With an R² value of 0.0484, this suggests that the RandomForest model performs very poorly in predicting or explaining the changes in the data. Specifically, the model explains only about 4.84% of the data's variability, meaning that it has not captured the important relationships between the factors in the dataset.

Here, we observe that two columns have a significant impact on the **Rating**, which are **Number of Votes** and **Runtime**. Specifically, **Number of Votes** has a correlation coefficient of **0.540540**, indicating that the more votes a movie receives, the higher its rating tends to be. This reflects the idea that movies with a larger viewership and more voter participation often receive higher ratings.
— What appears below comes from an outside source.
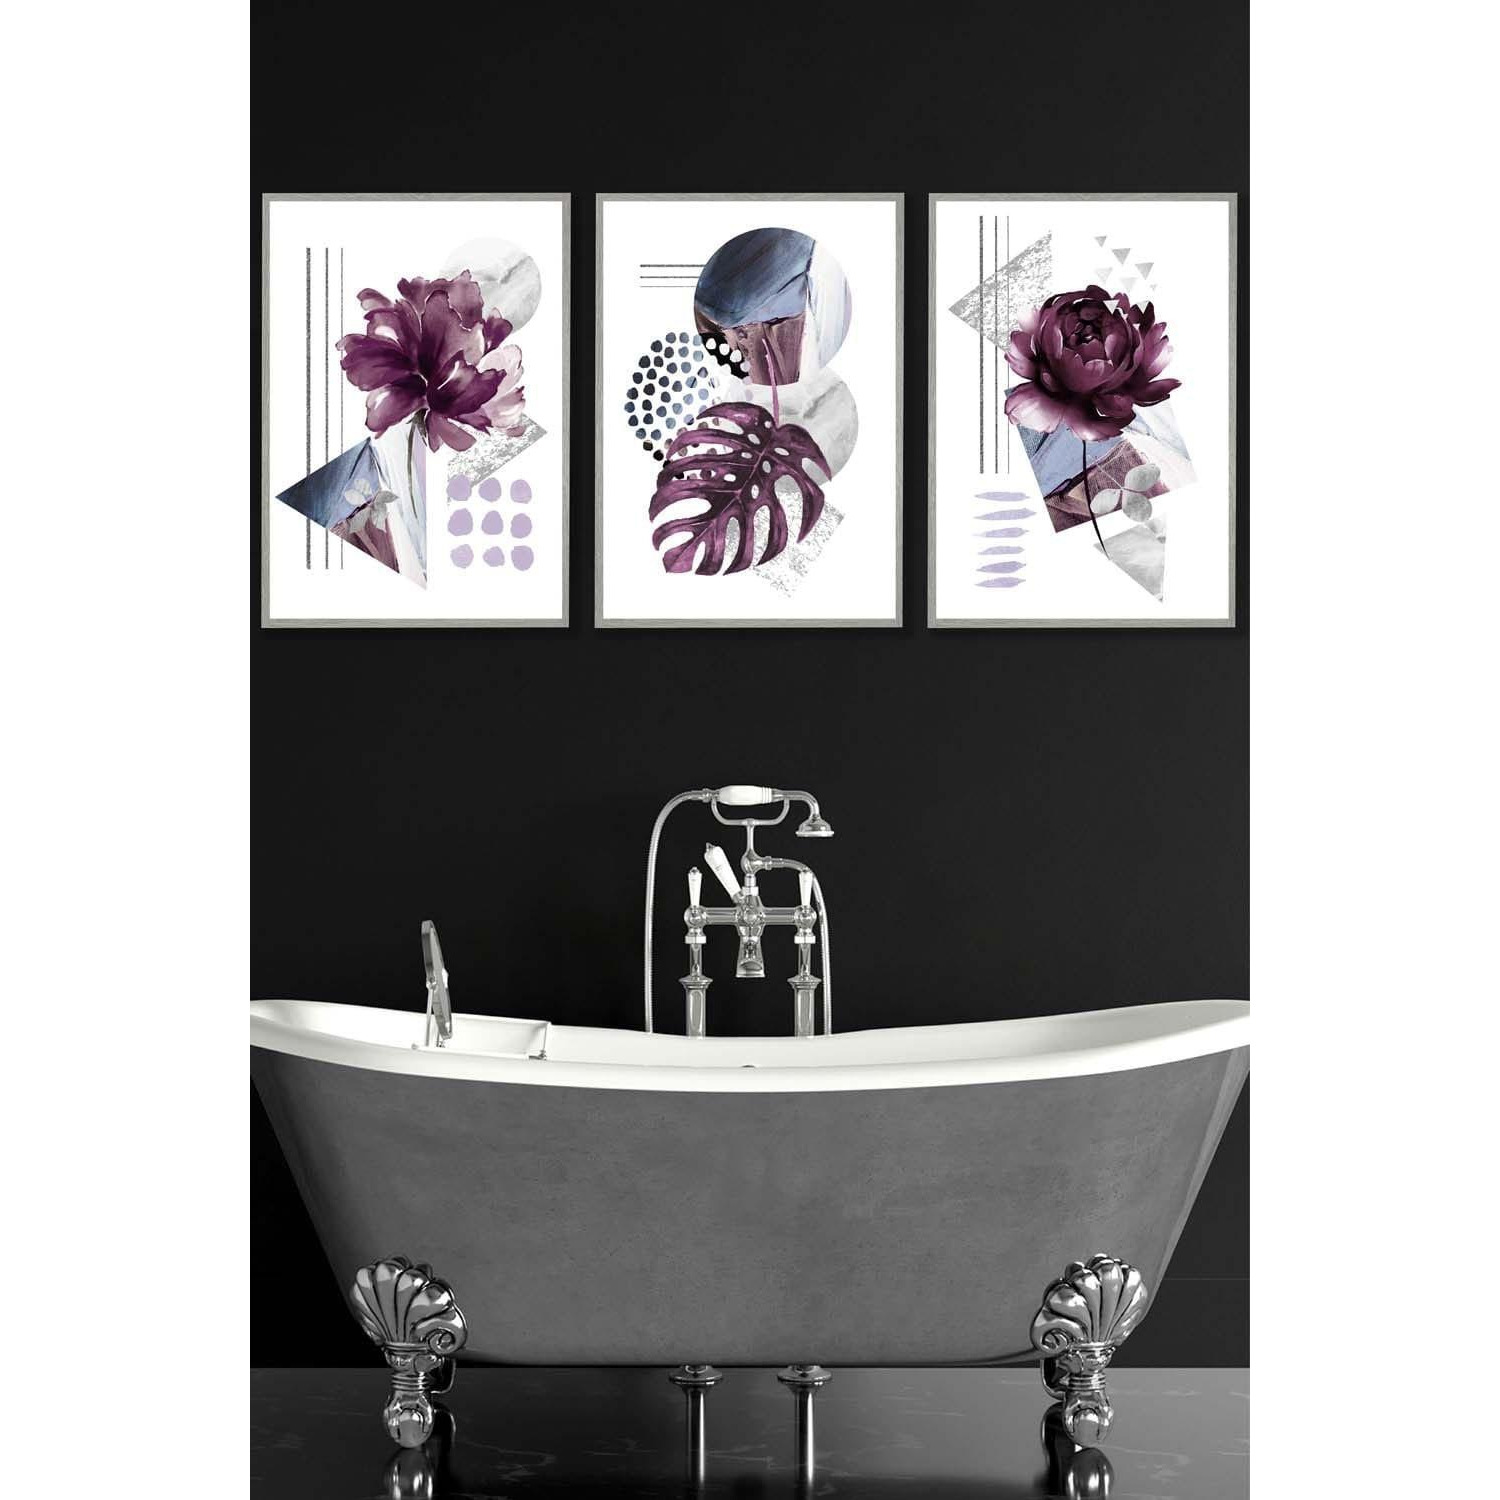 Set of 3 Light Grey Framed Abstract Purple and Silver Botanical Wall Art - image 1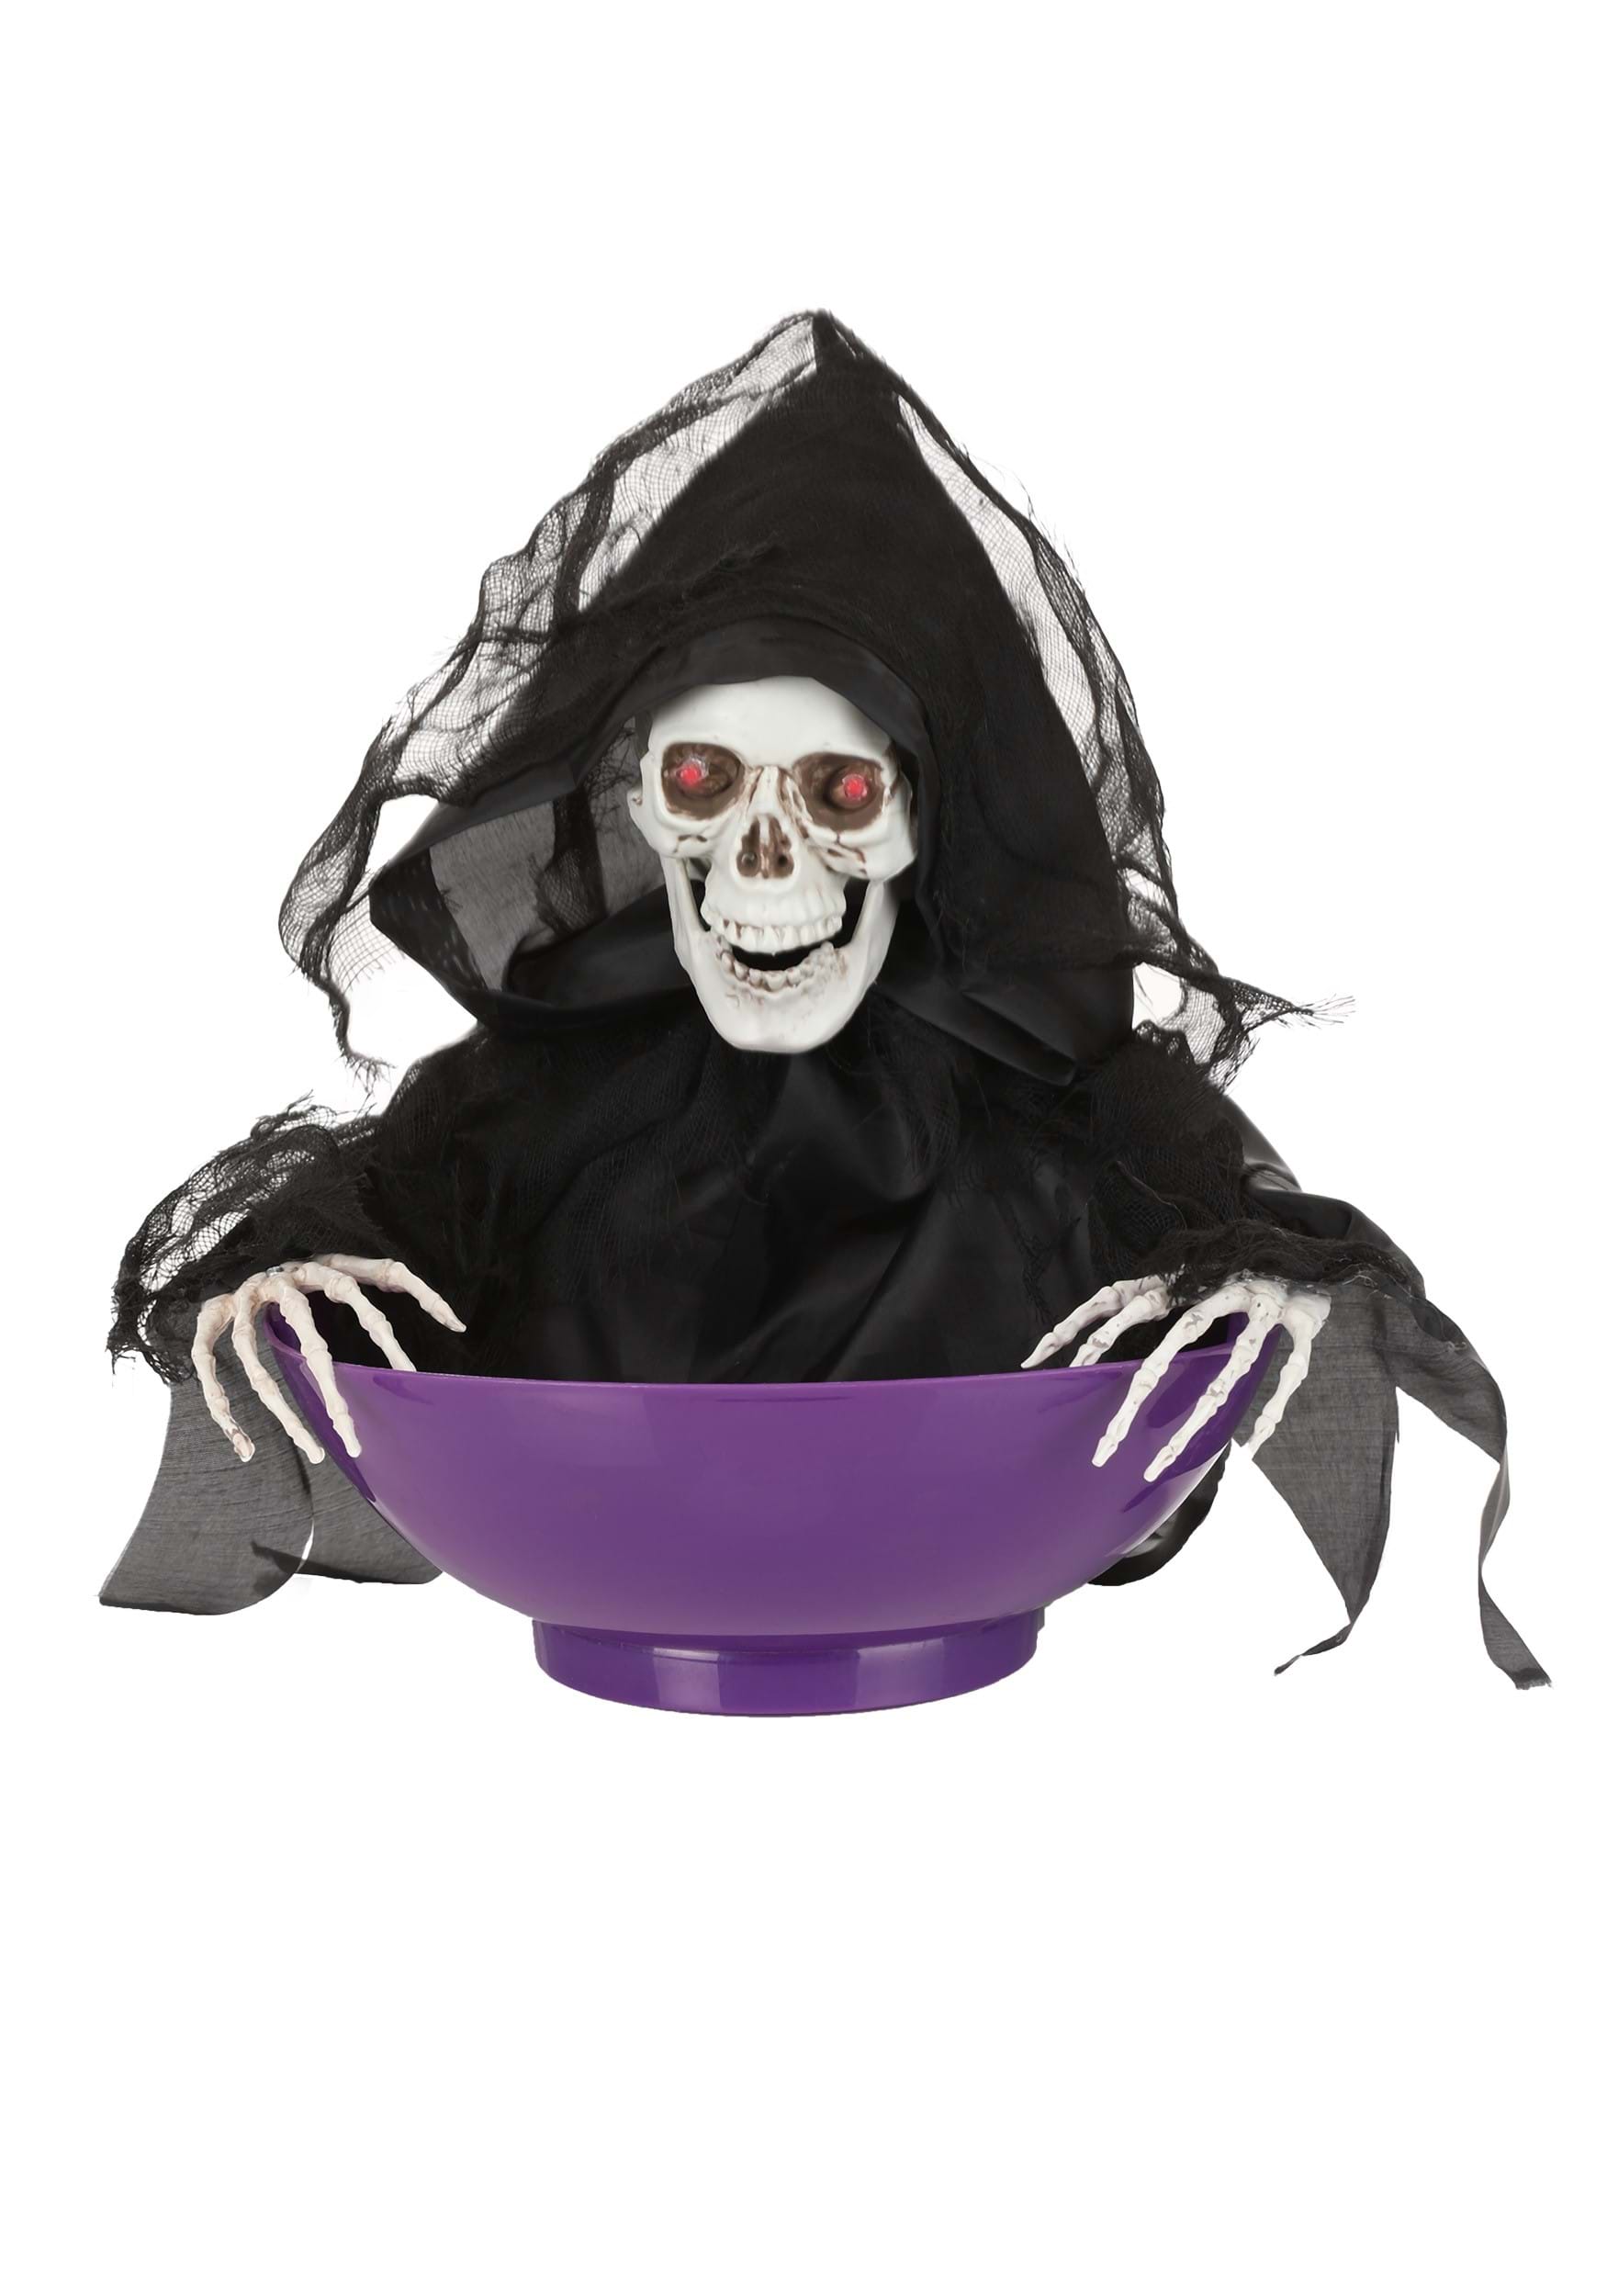 Animated Candy Bowl With Shaking Reaper Halloween Decoration.

Additionally, **Runtime** also has a notable influence, with a correlation coefficient of **0.382493**. This suggests that the movie's duration plays an important role in shaping the viewer's rating. Movies with an appropriate runtime—neither too long nor too short—tend to receive higher ratings, as viewers may feel more comfortable while watching them. These factors together contribute to the overall rating given by the audience for the films.

# Optimization: 
<br>You can add some values such as:
- **n_estimators**: The number of trees in the forest. Increasing this value can improve the model's performance but also increases computation time. However, after a certain number of trees, the performance may not change much.
- **max_depth**: The maximum depth of each tree. Limiting the depth can help reduce overfitting.
- **min_samples_split**: The minimum number of samples required to split a node. Increasing this value can help reduce model complexity.
- **min_samples_leaf**: The minimum number of samples required at each leaf. This helps reduce overfitting by avoiding overly detailed splits.
- **max_features**: The maximum number of features to consider at each split. Limiting the number of features can help reduce model complexity.
- **bootstrap**: Specifies whether to use bootstrap sampling (sampling with replacement). Try both True and False to see the effect on the results.